A 1910 legislative amendment required additional equipment, including ladders, sill steps, and hand brakes.

==Transfer of implementation authority==
The 1966 Department of Transportation Act transferred authority for implementation of the Safety Appliance Act to the Secretary of Transportation. The Secretary designated the newly created Federal Railroad Administration (FRA) as the implementing agency. FRA began to take over enforcement responsibilities from the ICC in 1967.

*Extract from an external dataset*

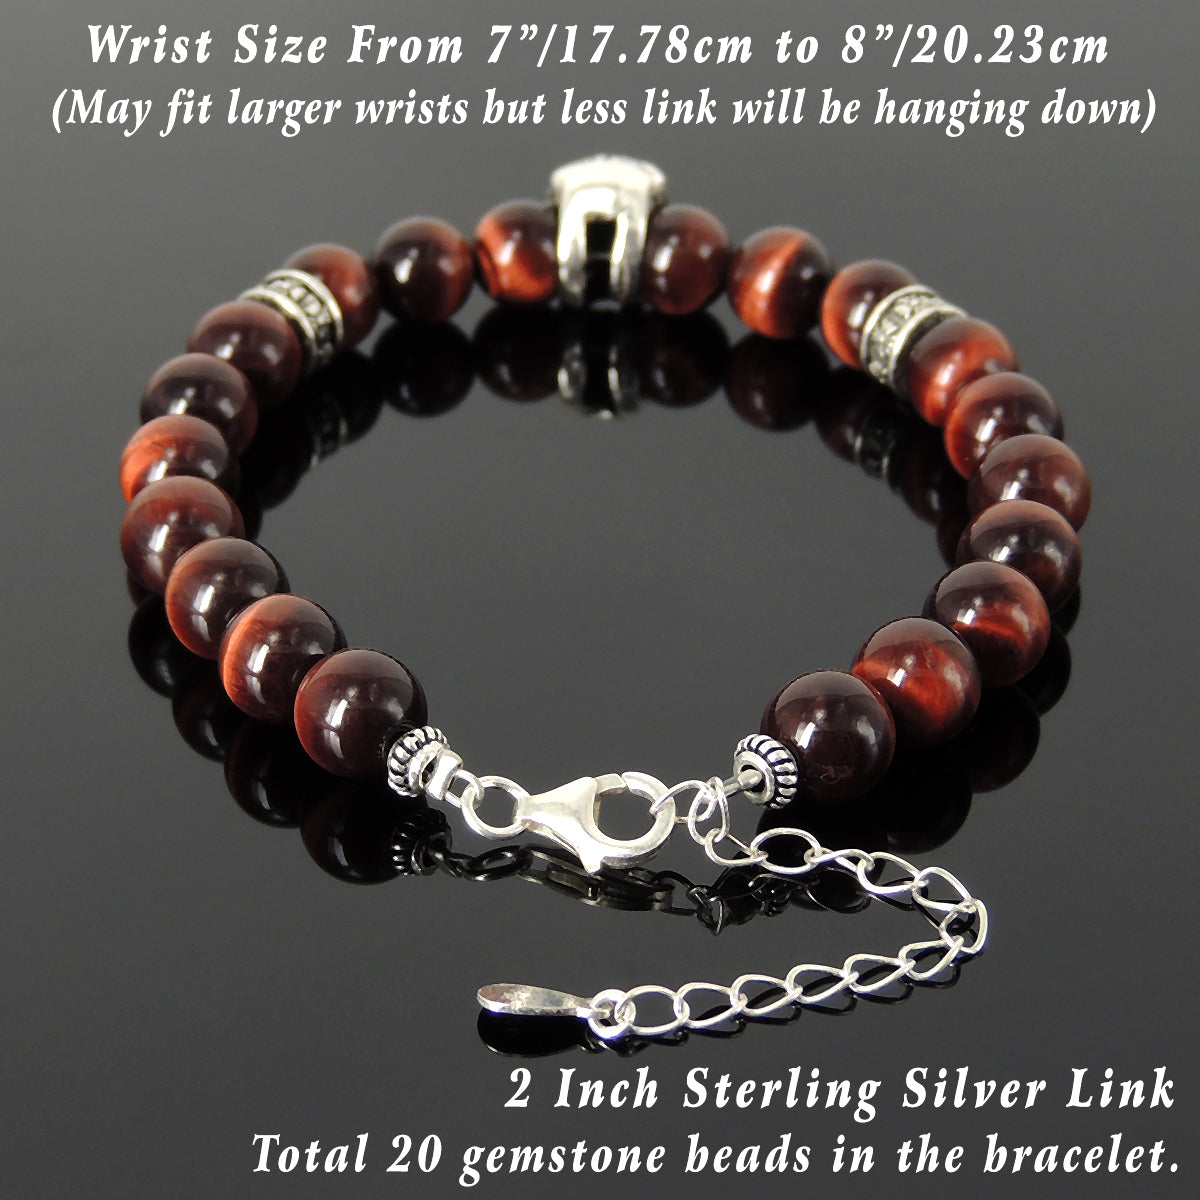 8mm Red Tiger Eye Healing Gemstone Bracelet with S925 Sterling Silver Protection Skull, Cross Pattern Spacers, Chain & Clasp - Handmade by Gem & Silver BR1412

==Subsequent railroad safety legislation==

The Federal Railroad Safety Act of 1970 expanded FRA's safety responsibilities:
- covers all railroads, both intrastate and interstate
- all areas of railroad safety
- authority to issue emergency orders
- preemption of safety rules issued by individual states.

Related railroad safety legislation:
- Rail Safety Improvement Act of 1974
- Federal Railroad Safety Authorization Act of 1976
- Federal Railroad Safety Authorization Act of 1978
- Federal Railroad Safety Authorization Act of 1980
- Railroad Safety Authorization Act of 1982
- Rail Safety Improvement Act of 1988
- Rail Safety Enforcement and Review Act of 1992.

==Case law==
- Southern Railway Co. v. United States
- United States v. Erie Railroad Co. (1915).